Not sure where you get data from but Ryman's only down 21.5% from Jan 2024. I agree that it's a directional barometer of the health of the Aotearoa Ponzi and the generally messed-up economic vision of a predominantly middle-class Pakeha culture.
Gotcha. I wouldn't touch Ryman with a barge pole. But I'm out of step with the financial advisory community.
The NZ Superannuation Fund is one of the largest shareholders, holding approximately 18.65 million shares or about 2.71% of Ryman's total shares. Cooper Investors Pty Ltd is another significant holder, this investment firm owns around 6.53% of the company. Forsyth Barr has a stake of about 6.42%.Harbour Asset Management has approximately 5.00% of Ryman.
If I understand correctly after vacating these 'homes' there is a set buy back price (after fees). This causing all sorts of grizzles during rising house rises and leading to calls for Govt intervention.
But this may bit them on the bum if they have to drop onsell prices - as they will.
Or perhaps I am mistaken and the buy back price is not 'set' at a minimum?
These Ryman/Somerset villages are the canary in the coal mime for housing.

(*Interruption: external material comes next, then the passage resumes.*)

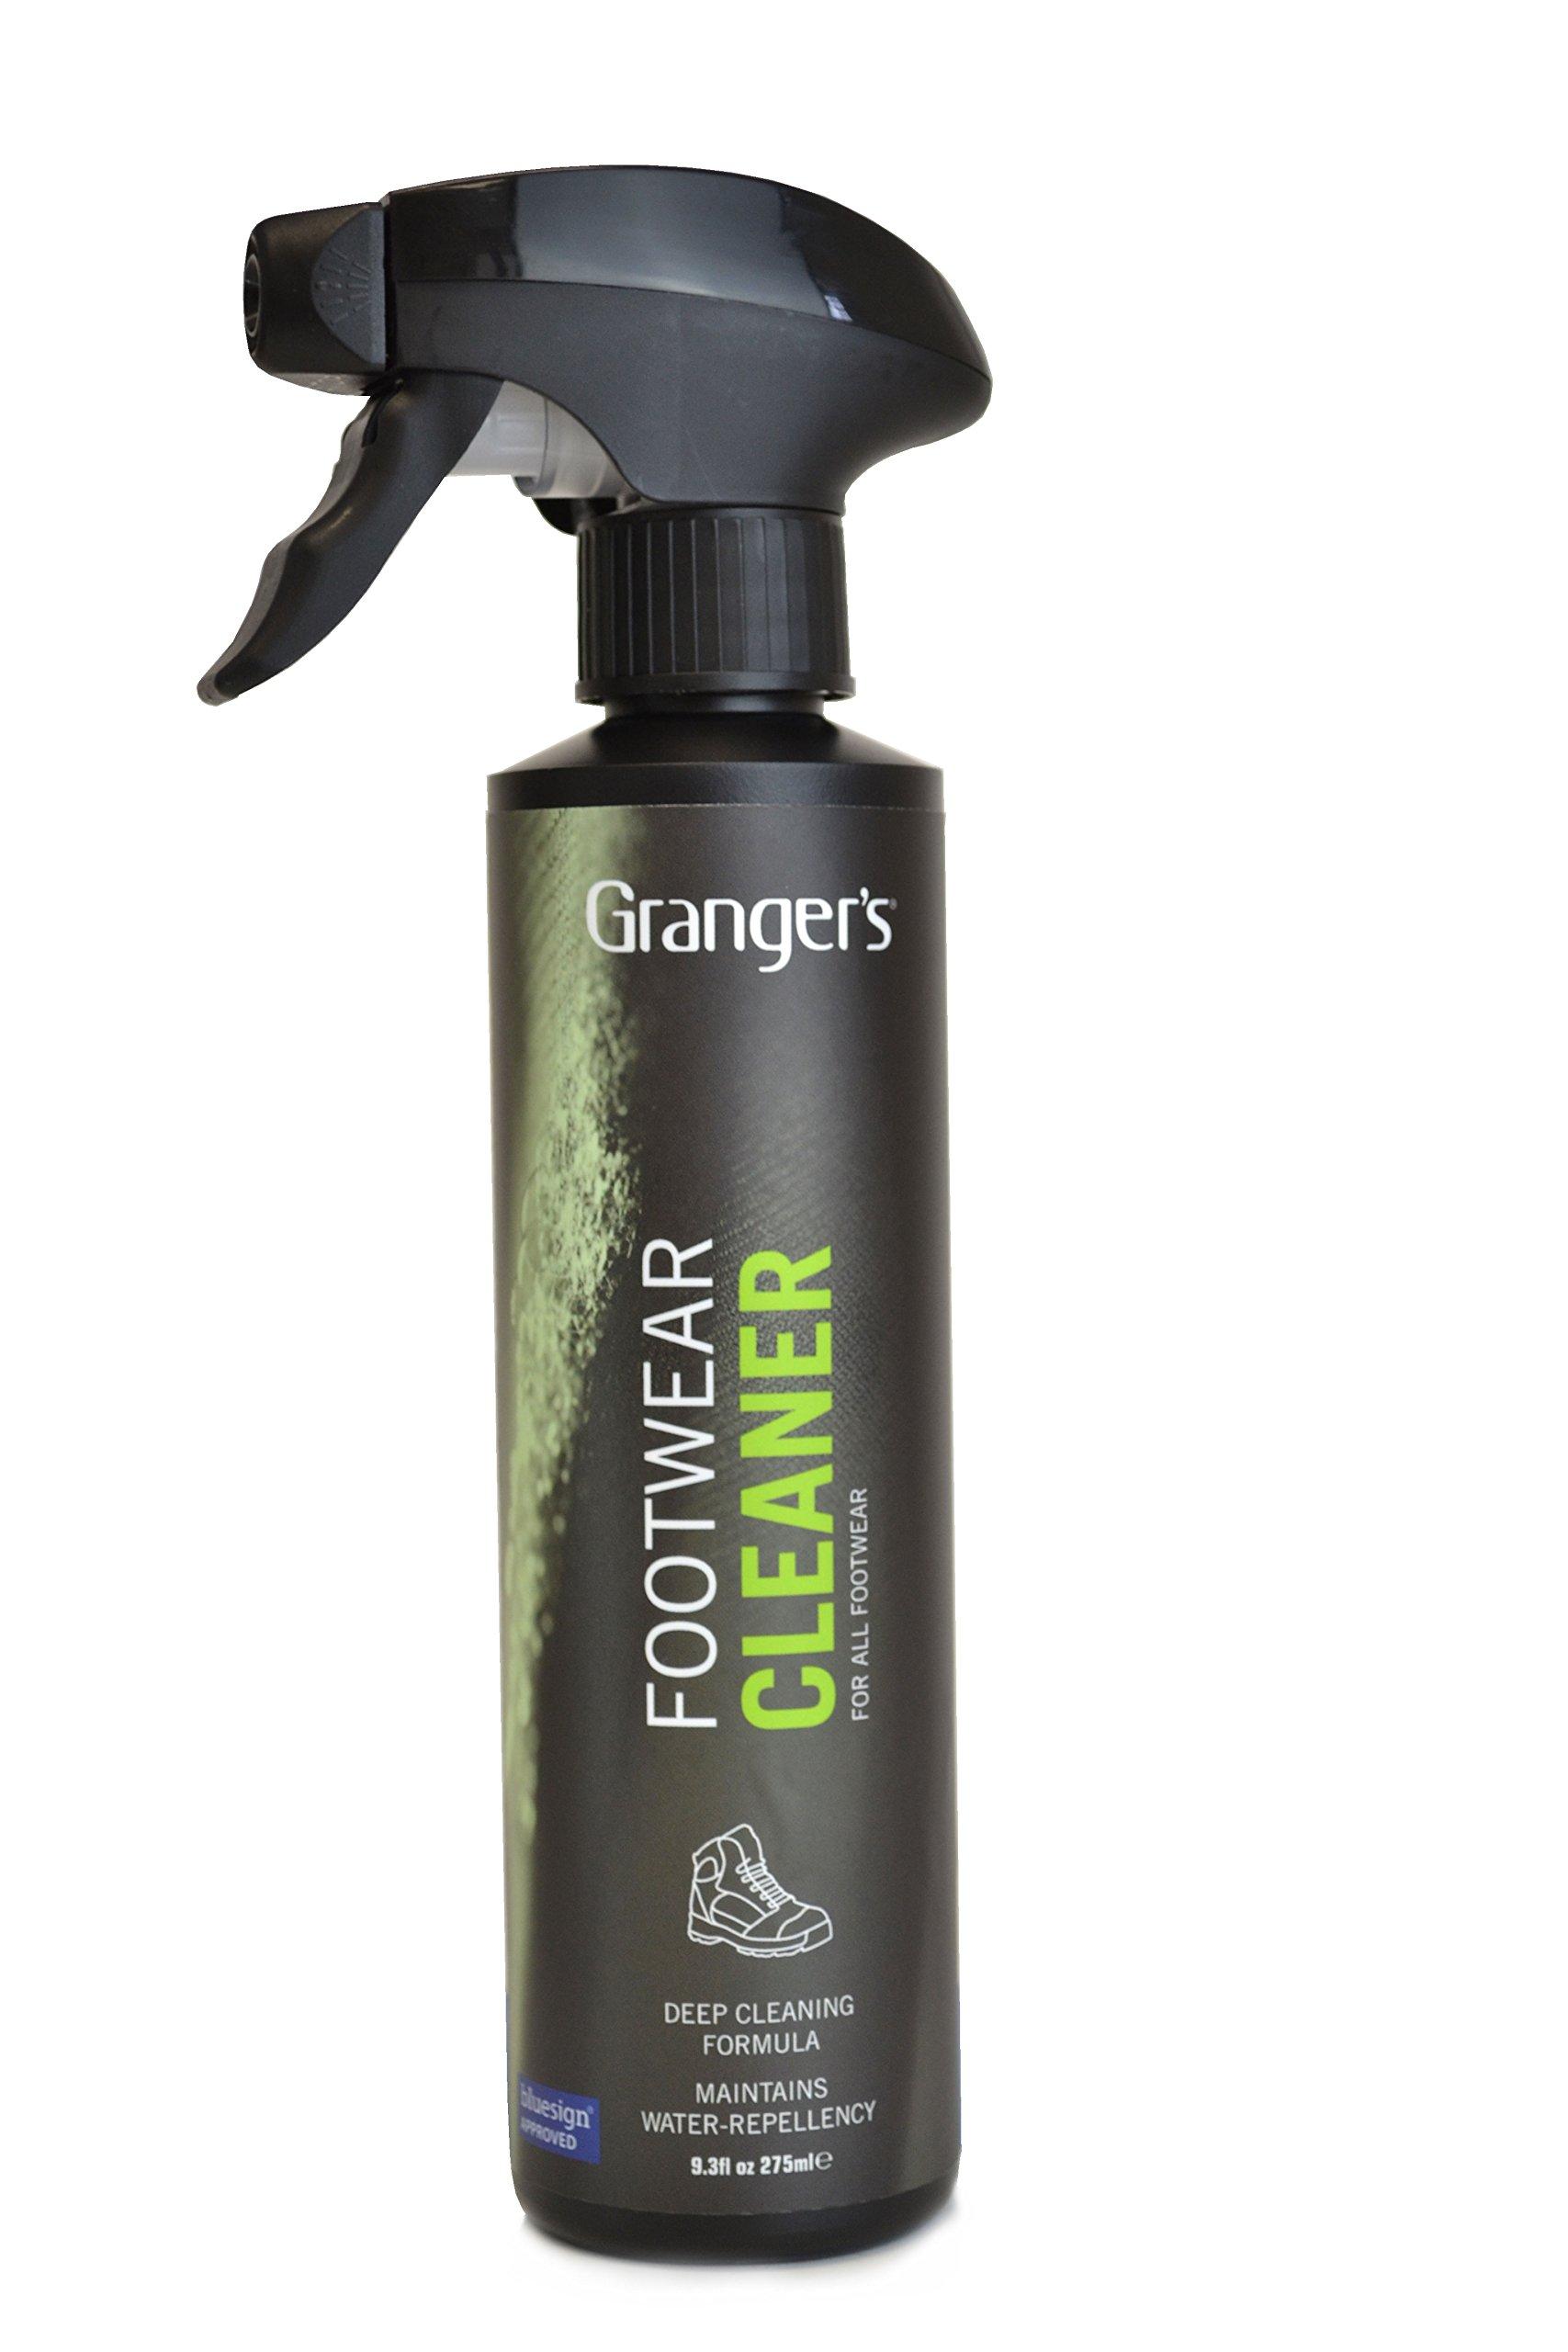 Granger's Footwear Cleaner Spray / 9.3 oz / Made in England

One of the most pressing problems for Ryman is financial performance - a dramatic 98% drop in net profit for the fiscal year ending March 2024, falling from $257 million to just $4.8 million. This decline was attributed to substantial one-time costs and a decrease in property values, alongside rising operational expenses that outpaced revenue growth.
- The Ponzi was flat in 2023 so not sure why property values were supposedly falling. Probably because they were overvalued to begin.
- Anecdotally, I hear Ryman management are making out like bandits personally while being very average to poor businesspeople.
https://businessdesk.co.nz/article/finance/ryman-burned-through-hundred…
There is no "buy back" price. You get back what you paid them, minus 20% which is their deferred management fee. Although now they have upped that to 30% for new village entrants.
Ryman then "refurbishes" the units (seen what that entails, and I would dispute the use of that term) and sells it again at current market prices.
So someone who bought a unit for $500k five years ago will get back $400k and Ryman will then resell the unit for $800k. The new resident will get back $560k at some point in the future when they move out.
They should just burn down to $284,636, at which point the government threshold kicks in and the taxpayer covers the cost of hospital level care. This threshold drops to $155,873 if the surviving spouse is still in the family home and they elect to not include the value of the home and car in their total assets.
While this is officially administered by MSD (Ministry of Social Development), it is easier to read the Eldernet website, so here's a link:
https://www.eldernet.co.nz/knowledge-lab/residential-care/who-pays-for-…
yes, thats what i mean about buy back price. I appreciate you do not own the unit, you lend them cash and get a right to occupy of sorts. And you get less back (buy back price i refer to)
If i recall they don't pay interest for tax on this 'loan', nor on the cap gain on resale(or something like this). Hence the tax profit is way less than the accounting profits.
It would be nice if house prices stayed high and we can sell them and all be rich, but the problem is that it costs the nation too much. That cost is in the repayments of around $360 billion and the need to increase this by almost 4% per year to just maintain the current values. Unemployment is rising, our productivity is one of the lowest in the OECD and we aren't even close to paying our way in the world with a massive government deficit. A halving in property prices and a redirection of money to the production of wealth is probably the best way to become a viable economy again.